▼

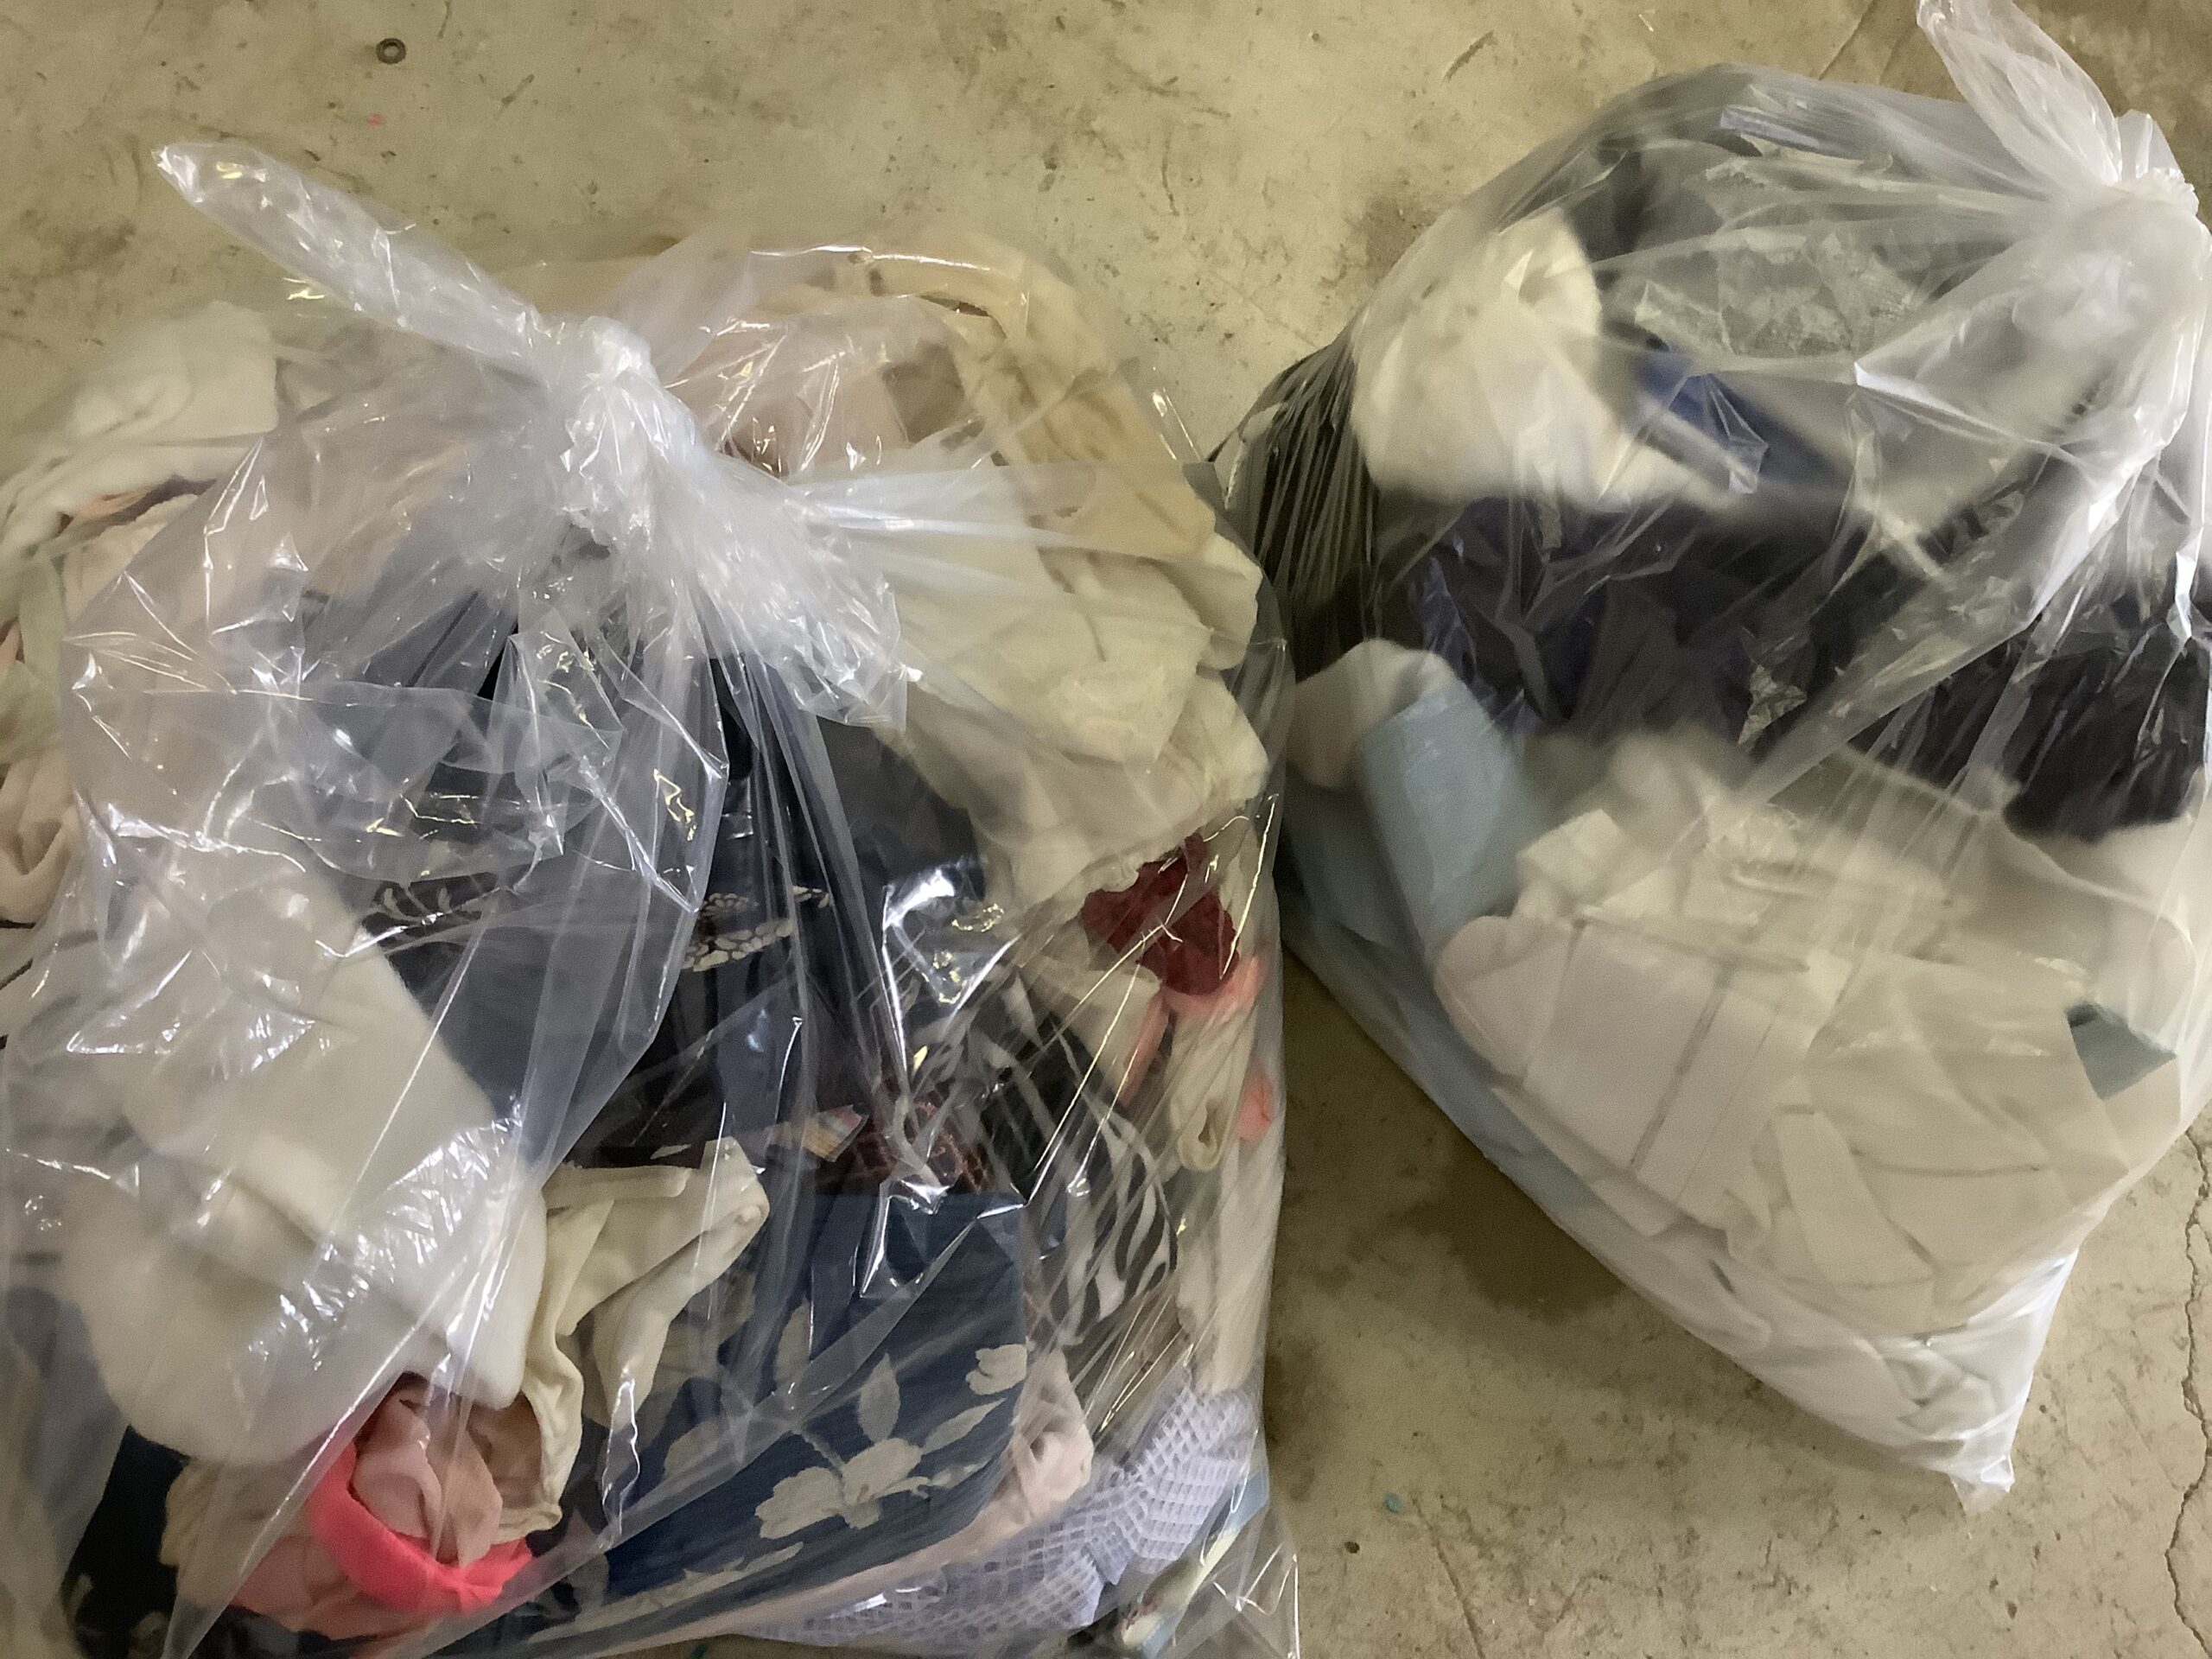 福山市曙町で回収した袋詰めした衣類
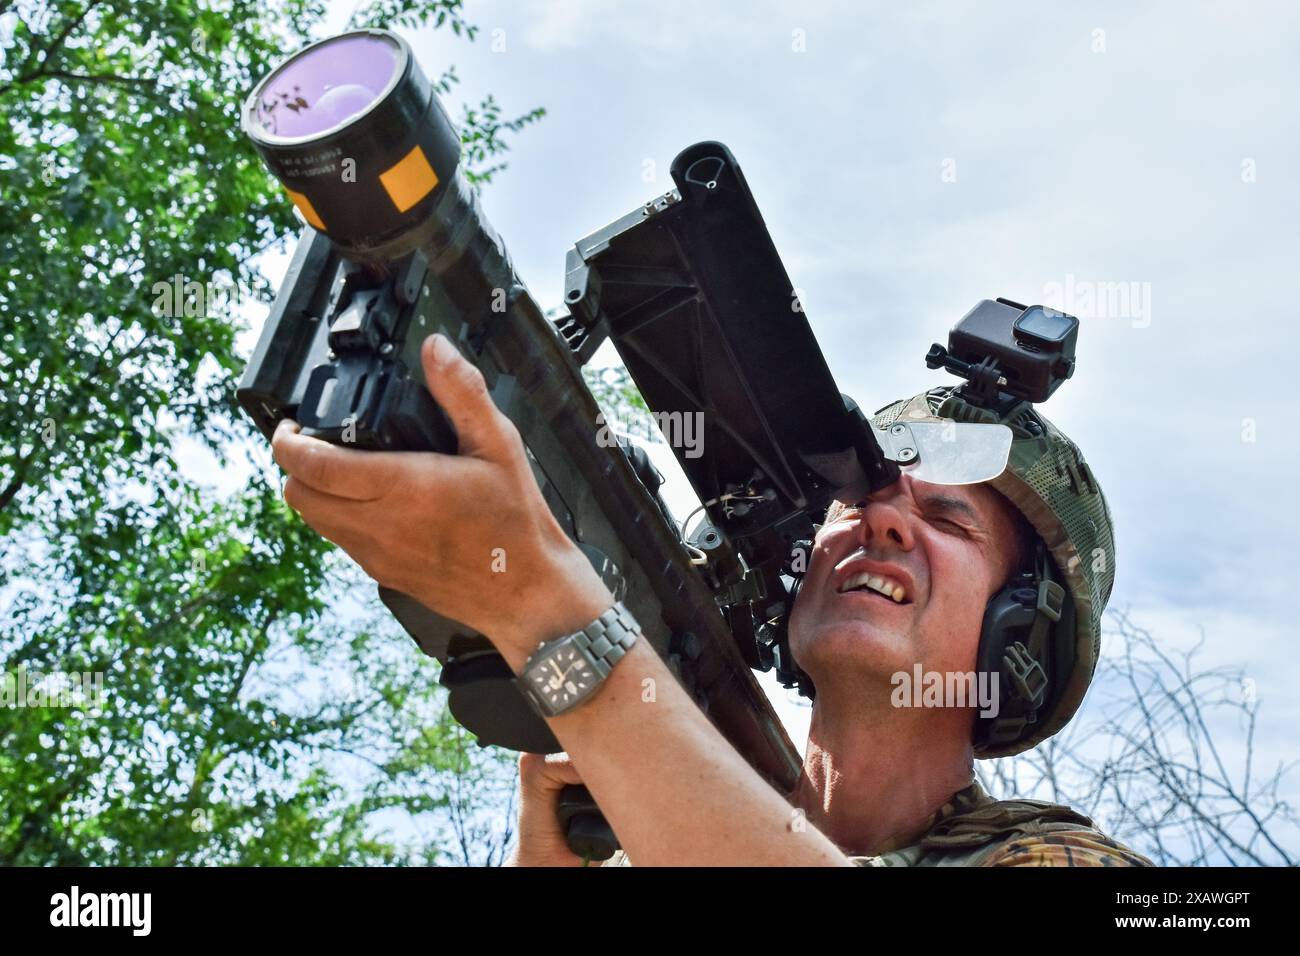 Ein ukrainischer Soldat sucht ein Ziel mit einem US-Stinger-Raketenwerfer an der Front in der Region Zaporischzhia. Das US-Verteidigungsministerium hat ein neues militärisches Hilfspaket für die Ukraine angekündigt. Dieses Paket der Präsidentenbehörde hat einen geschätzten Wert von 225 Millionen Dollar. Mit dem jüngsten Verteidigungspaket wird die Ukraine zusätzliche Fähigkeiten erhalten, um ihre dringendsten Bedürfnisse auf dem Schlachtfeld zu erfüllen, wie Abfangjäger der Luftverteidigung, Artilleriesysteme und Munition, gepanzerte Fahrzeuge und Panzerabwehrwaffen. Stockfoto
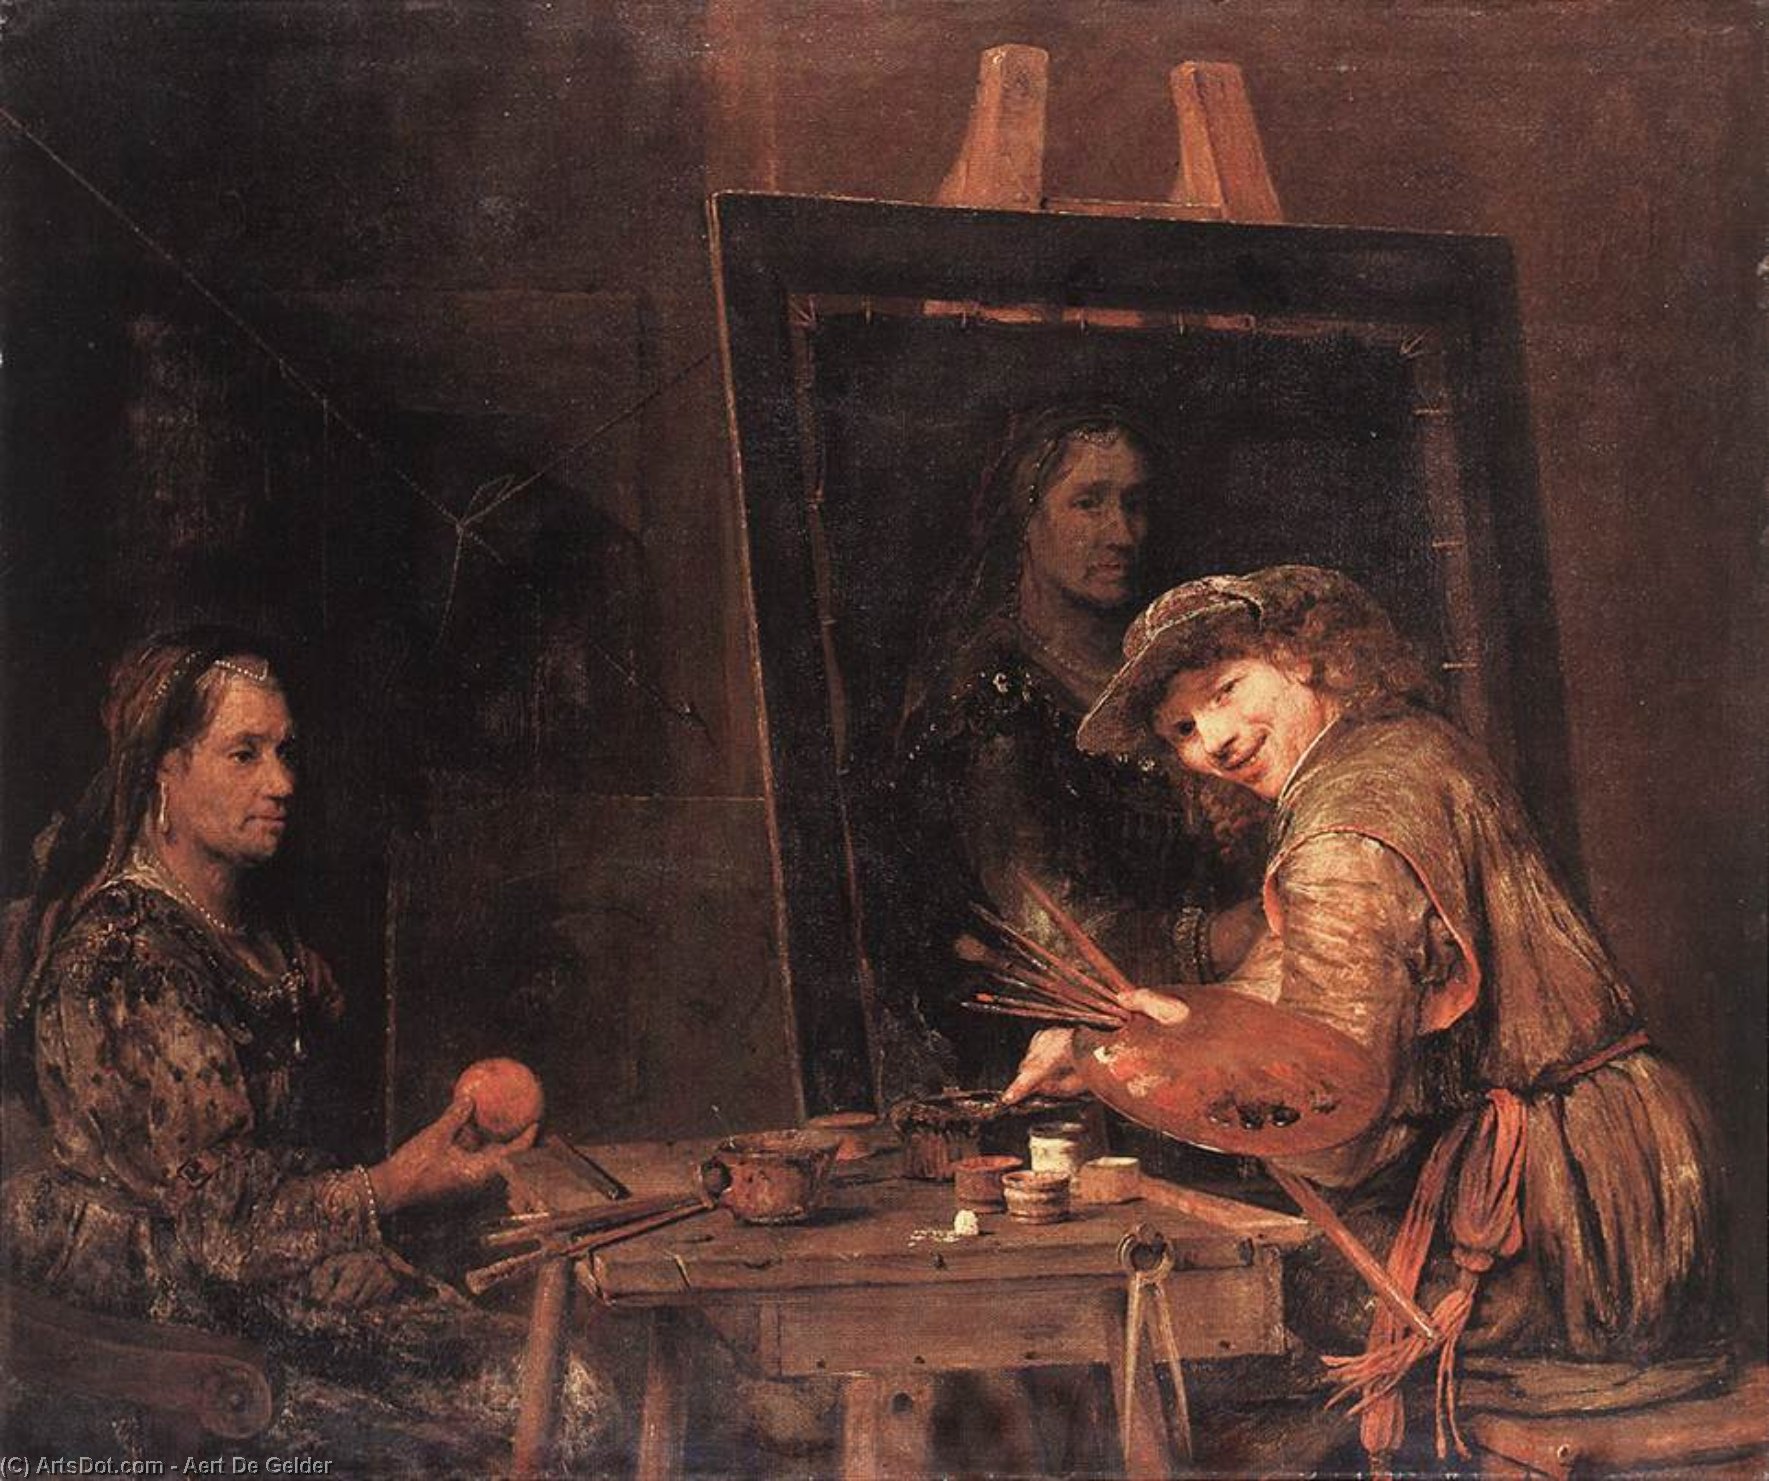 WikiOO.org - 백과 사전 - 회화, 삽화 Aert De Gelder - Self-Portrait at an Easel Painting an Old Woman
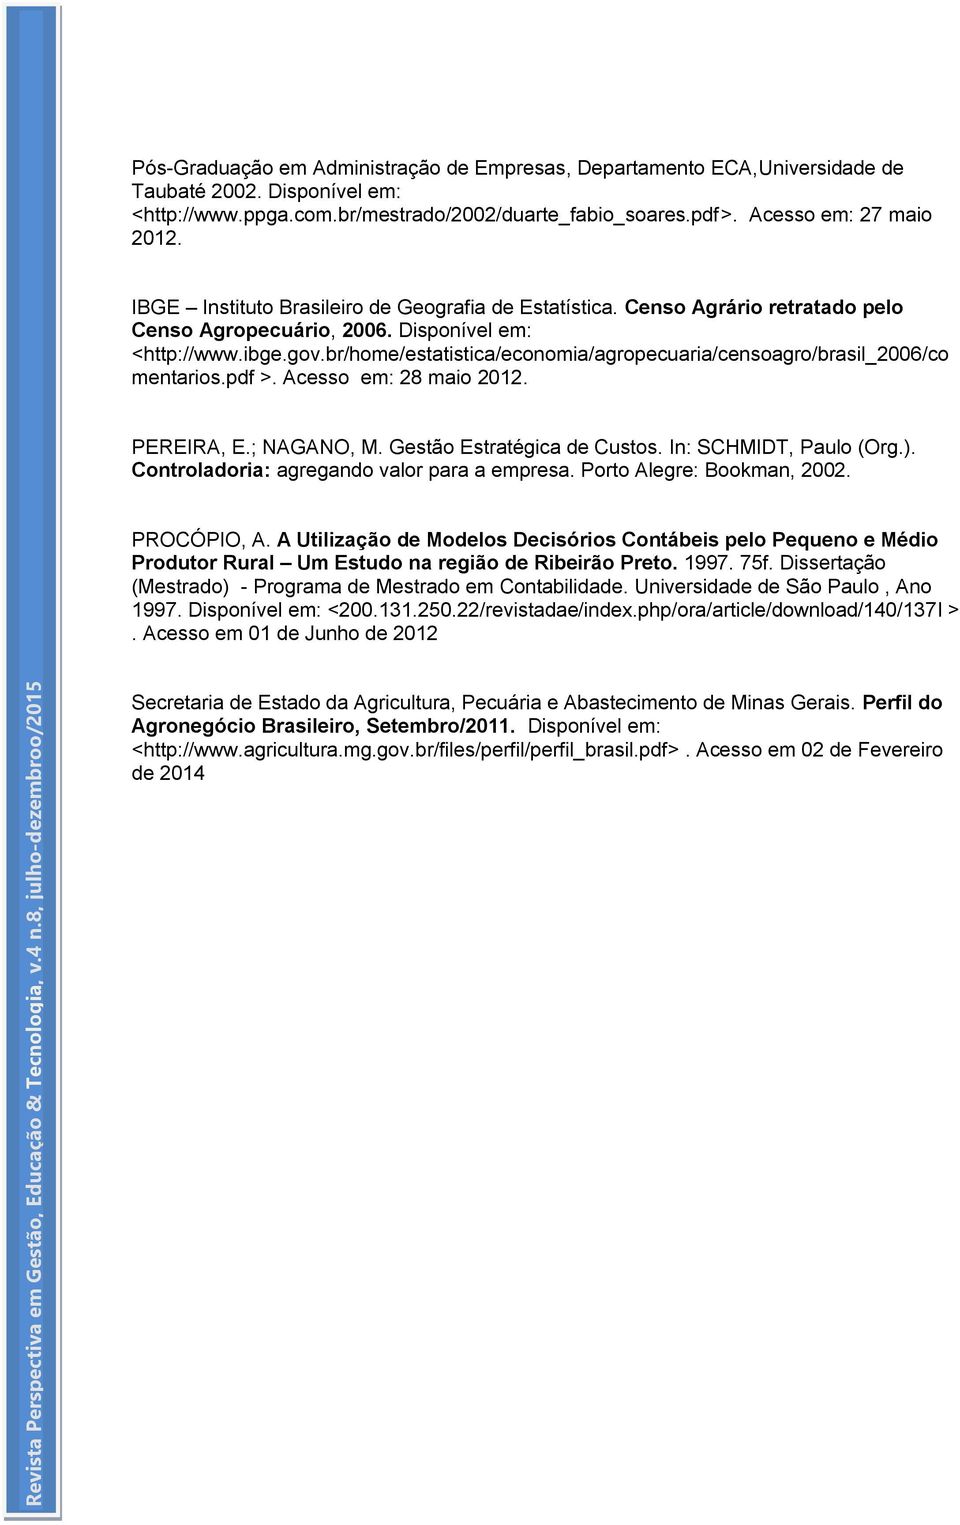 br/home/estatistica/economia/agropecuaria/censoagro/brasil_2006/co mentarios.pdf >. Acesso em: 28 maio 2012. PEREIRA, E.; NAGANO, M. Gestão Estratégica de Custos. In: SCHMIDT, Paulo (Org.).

▲

_YOUR ASSIGNMENT_
Word for word, retype the lines from the one that contains "Ein ukrainischer Soldat" through the final line of the data, both ends included, excluding pictures.

_RESULT BELOW_
 Ein ukrainischer Soldat sucht ein Ziel mit einem US-Stinger-Raketenwerfer an der Front in der Region Zaporischzhia. Das US-Verteidigungsministerium hat ein neues militärisches Hilfspaket für die Ukraine angekündigt. Dieses Paket der Präsidentenbehörde hat einen geschätzten Wert von 225 Millionen Dollar. Mit dem jüngsten Verteidigungspaket wird die Ukraine zusätzliche Fähigkeiten erhalten, um ihre dringendsten Bedürfnisse auf dem Schlachtfeld zu erfüllen, wie Abfangjäger der Luftverteidigung, Artilleriesysteme und Munition, gepanzerte Fahrzeuge und Panzerabwehrwaffen. Stockfoto
 WikiOO.org - 백과 사전 - 회화, 삽화 Aert De Gelder - Self-Portrait at an Easel Painting an Old Woman
 br/home/estatistica/economia/agropecuaria/censoagro/brasil_2006/co mentarios.pdf >. Acesso em: 28 maio 2012. PEREIRA, E.; NAGANO, M. Gestão Estratégica de Custos. In: SCHMIDT, Paulo (Org.).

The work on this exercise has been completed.